Sympy direction of rotation matrices

Question

I wonder why rotation matrices in sympy do not conform right hand rule:

import sympy as sym
print(sym.rot_axis3(sym.Symbol('q')))

produces output:

[[ cos(q), sin(q), 0],
 [-sin(q), cos(q), 0],
 [0,       0,      1]]

Which comparing to right hand rotation:

[[cos(q), -sin(q), 0],
 [sin(q), cos(q), 0],
 [0,      0,      1]]

rotates vector in the opposite direction. This had taken me a few hours of searching for mistakes in my equations before I realized the problem.

Same is true for rot_axis2 and rot_axis1.

Answer 1

In R^3, coordinate system rotations of the x-, y-, and z-axes in a counterclockwise direction when looking towards the origin give the matrices.

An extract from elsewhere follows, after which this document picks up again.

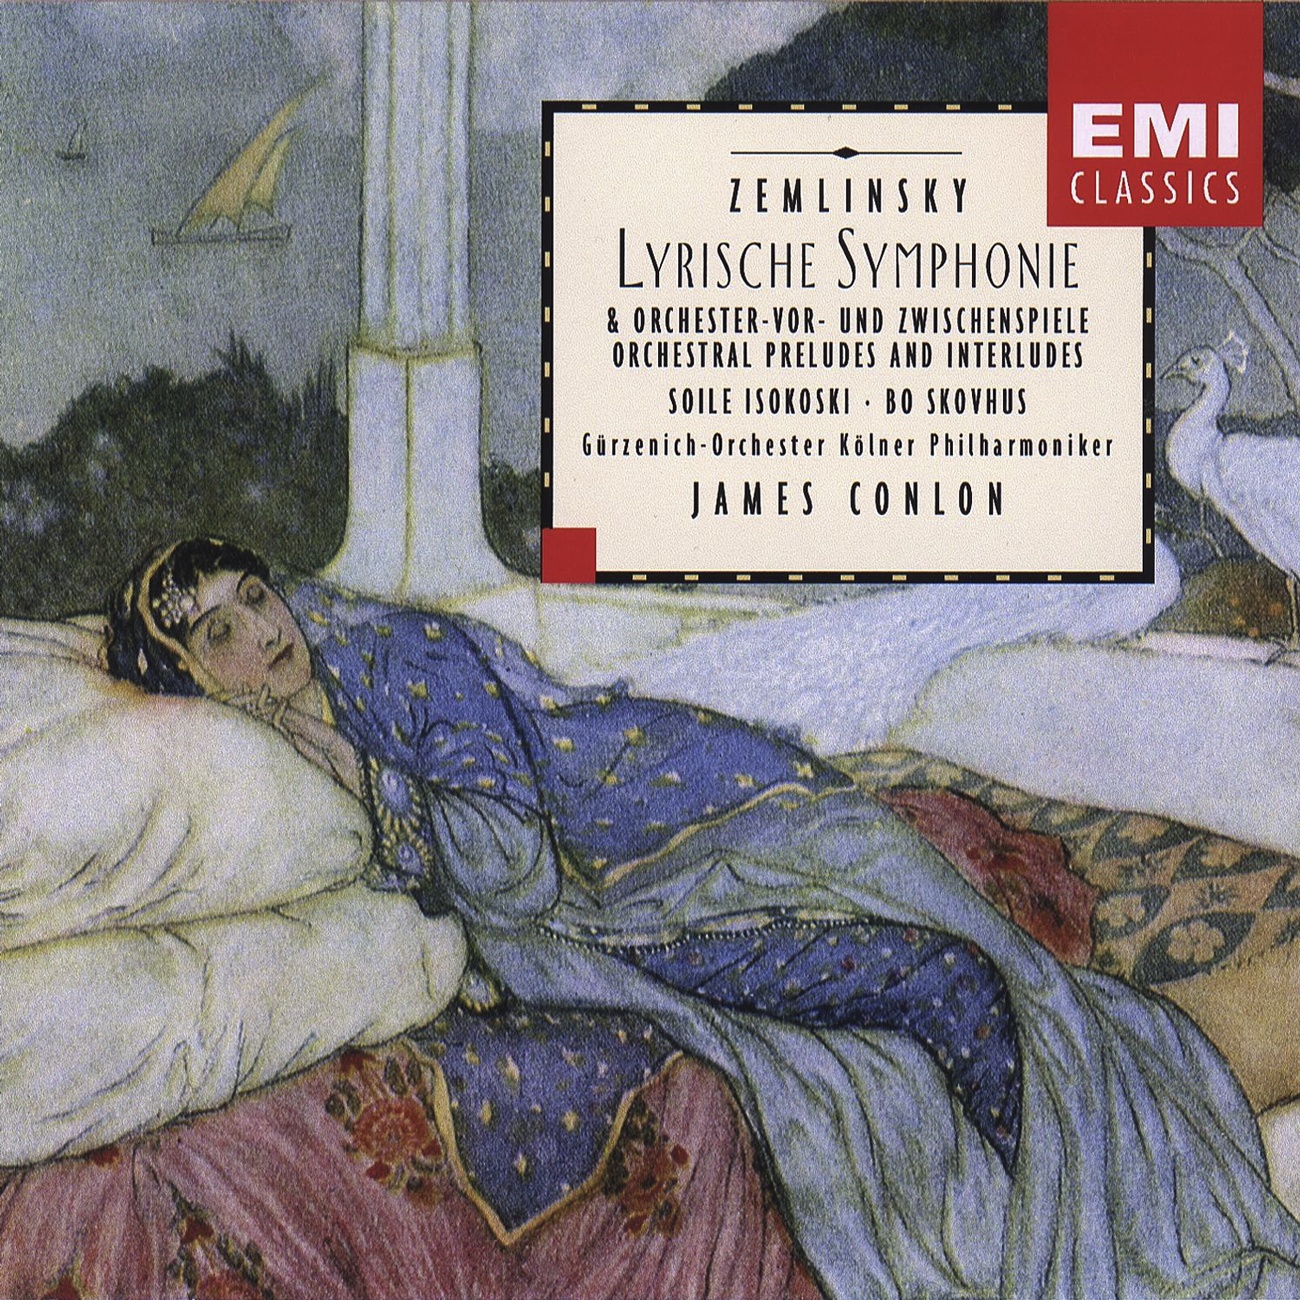 Zemlinsky: Lyrische Symphonie / Orchestral Preludes And Interludes

(Goldstein 1980, pp. 146-147 and 608; Arfken 1985, pp. 199-200)

Also if you check the sympy documentation:

def rot_axis3(theta):
    """Returns a rotation matrix for a rotation of theta (in radians) about
    the 3-axis.
    [...]
    """
    ct = cos(theta)
    st = sin(theta)
    lil = ((ct, st, 0),
           (-st, ct, 0),
           (0, 0, 1))
    return Matrix(lil)